Morte dans l'obscurité en décembre dernier à l'âge de 101 ans, Frances Gabe vient d'être commémorée dans le New York Times pour son invention unique: la maison auto-nettoyante. En effet, Gabe avait passé plus de dix ans à construire un bungalow en béton qui fonctionnait comme une sorte de «lave-vaisselle géant», ainsi que l'a écrit un journal australien.
Dans chaque pièce, Gabe avait installé un système d'arrosage, avec des jets au plafond qui diffusaient de l'eau savonneuse un peu partout. Un deuxième arrosage permettait de rincer, et de l'air chaud était ensuite diffusé pour sécher le tout. Le cycle prenait environ une heure. Gabe, qui faisait des bijoux et des sculptures, avait fait breveter la maison en 1984.
Le sol de la maison était très légèrement incliné et l'eau s'écoulait ainsi vers l'extérieur. Sa machine à laver le linge était une sorte de placard où les vêtements, placés sur des cintres, étaient lavés avec des jets d'eau puis séchés.
Un des problèmes majeurs de l'invention de Frances Gabe, non loin de Portland dans l'Oregon, était que tout à l'intérieur devait être imperméable. Le sol était recouvert d'un vernis étanche et les meubles d'une résine acrylique. Tous les tissus et papiers étaient placés dans des boîtes plastiques, et les prises électriques étaient protégées.
Pour Frances Gabe, qui était fille d'architecte, son projet était une sorte de mission féministe.
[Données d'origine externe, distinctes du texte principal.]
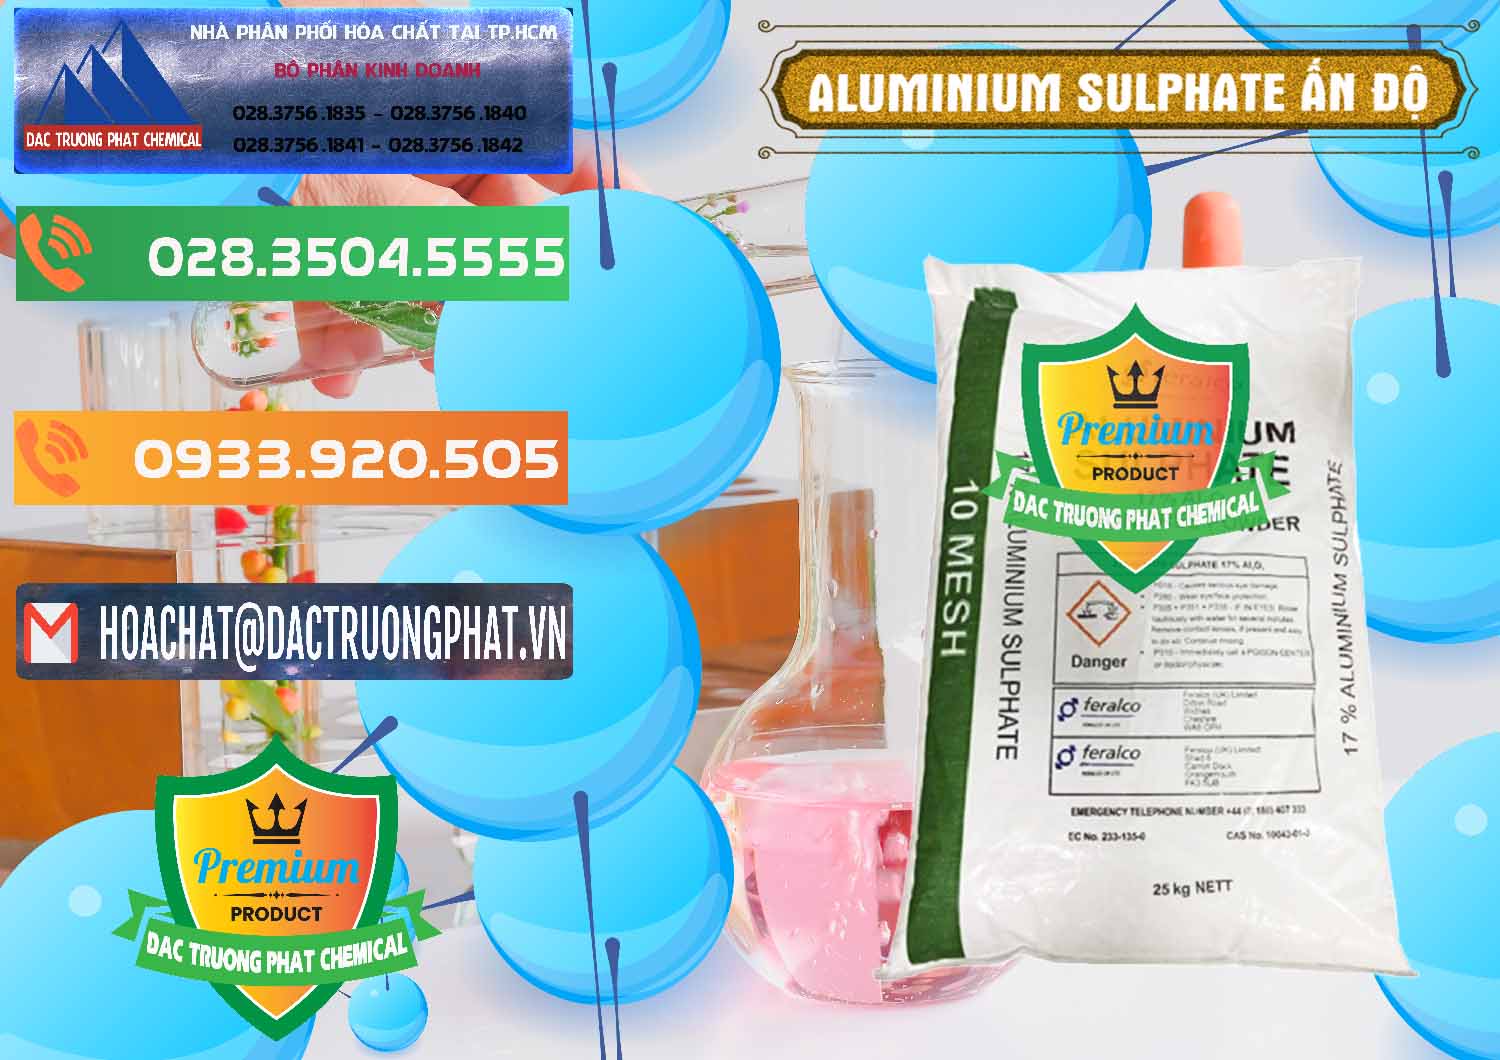 Công ty chuyên bán và phân phối Phèn Nhôm - Al2(SO4)3 17% Ấn Độ India - 0463 - Bán & phân phối hóa chất tại TP.HCM - hoachatxulynuoc.com.vn

«Vous pouvez parler de libération des femmes autant que vous voulez, mais les maisons restent construites de sorte que les femmes passent la moitié de leur temps à genoux», avait-elle expliqué au Baltimore Sun.
Puis au Ottawa Citizen:
«Les tâches ménagères sont un boulot ingrat et sans fin. C'est d'un ennui épuisant. Qui veut le faire? Personne!»
Après son divorce, elle s'est créée un nouveau nom de famille –Gabe– en mélangeant les initiales de son nom de jeune fille, son deuxième prénom et le nom de son ex-mari.
C'est lorsque ses enfants en bas âge avaient commencé à jeter de la confiture un peu partout que Gabe s'est mise à réfléchir à la maison auto-nettoyante. Pendant des années, elle a présenté son travail à travers les États-Unis, dans les musées, universités et clubs pour femmes, mais son rêve de villages entiers de maisons auto-nettoyantes n'a jamais vu le jour.